The dollar languished near two-year lows on Wednesday as the United States struggled to contain a spike in coronavirus cases, dashing hopes for a quick economic recovery.
The dour outlook for the world’s largest economy is expected to see the U.S. Federal Reserve sticking to a dovish stance at its policy review later in the day, with dollar bears betting it could hint of other ways to loosen policy further down the road.
The dollar index against six major currencies stood at 93.720, near its lowest since June 2018 this week.
The euro traded at $1.1723, up slightly on the day though it has stepped back a tad from Monday’s 22-month high of $1.17815.
The dollar changed hands at 105.05 yen, near a 4-1/2-month low of 104.955 hit the previous session.
Its weakness stemmed from an eroding perception that U.S. economic growth would be stronger than the rest of the developed world and that investors could count on higher returns in the dollar.
U.S. consumer confidence fell more than expected in July, losing steam following two months of recovery, in a fresh sign that rising COVID-19 infections are dampening consumption.
Four U.S. states in the south and west reported one-day records for coronavirus deaths on Tuesday and nationwide cases stayed high.
“Given the concerns about the second wave of infections, markets think the Federal Reserve is likely to take a dovish policy stance,” said Yujiro Goto, chief FX strategist at Nomura Securities.
Investors will be watching for any indications that the U.S. central bank will increase its purchases of longer-dated debt, implement yield caps or target higher inflation than it has previously indicated when it concludes its two-day meeting on Wednesday.
Goldman Sachs on Tuesday noted that a potential Fed shift “towards an inflationary bias” along with record high debt levels by the United States government are raising “real concerns around the longevity of the U.S. dollar as a reserve currency.”
Such worries are spurring a rush to gold, which last stood at $1,963.5 per ounce, near its record high of $1,980.5 per ounce on Tuesday.
In fact, some market players think the dollar is long overdue for a pullback after the Fed’s unprecedented money-printing since March to cope with a pandemic-triggered recession.

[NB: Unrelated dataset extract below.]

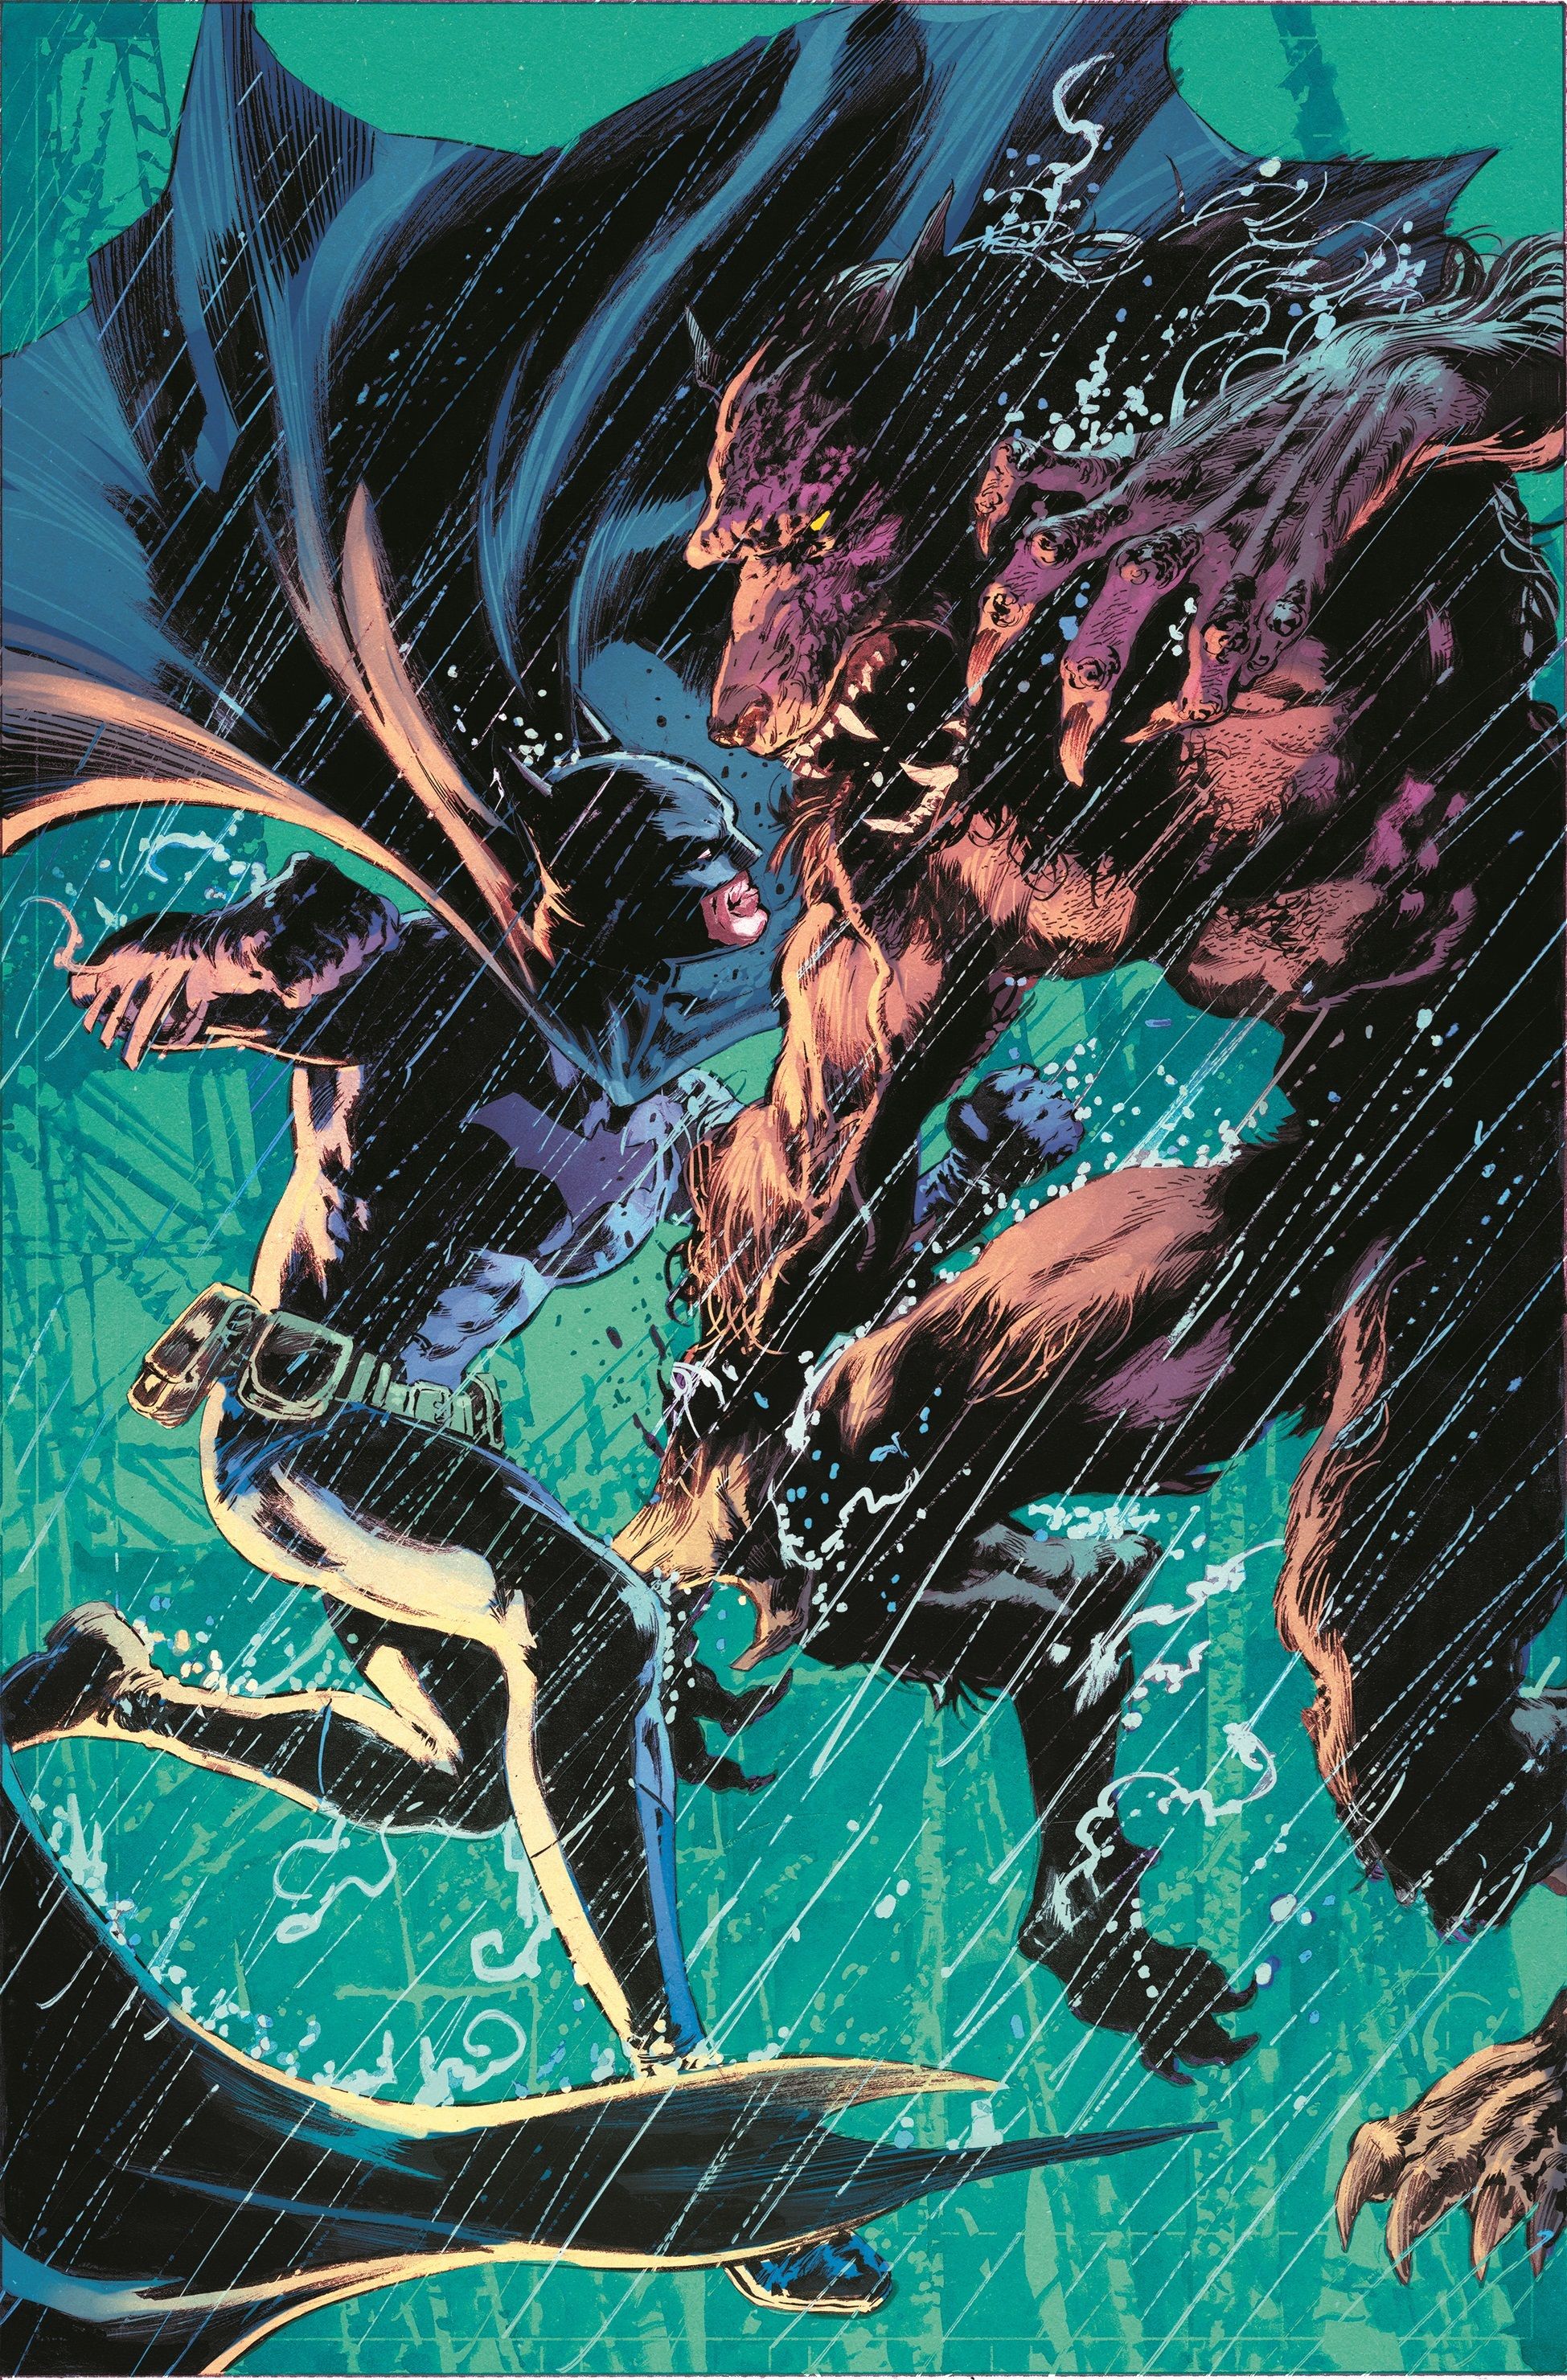 Capa da versão Perkins do Batman Full Moon 1: Batman saltando para a frente para lutar contra um lobisomem.

The Fed’s balance sheet has swelled about $3 trillion to as high as $7.17 trillion, much faster than those of other central banks as banks and corporates around the world sought dollar liquidity to survive lockdowns, though the tally has shrank slightly in recent weeks.
Also weighing on the dollar were uncertainties over an additional fiscal package to support the economy.
Some Republicans in the U.S. Senate have pushed back against their own party’s $1 trillion coronavirus relief proposal while Democrats have called for much larger support, including a full extension of a $600-per-week enhanced coronavirus unemployment benefit.
The British pound fetched $1.2931, having hit a 4-1/2-month high of $1.2952 on Tuesday.
The Australian dollar traded at $0.7170, near its 15-month peak of $0.7184 touched a week ago, stepping back slightly after data showed Australia’s consumer prices fell by a record in the second quarter.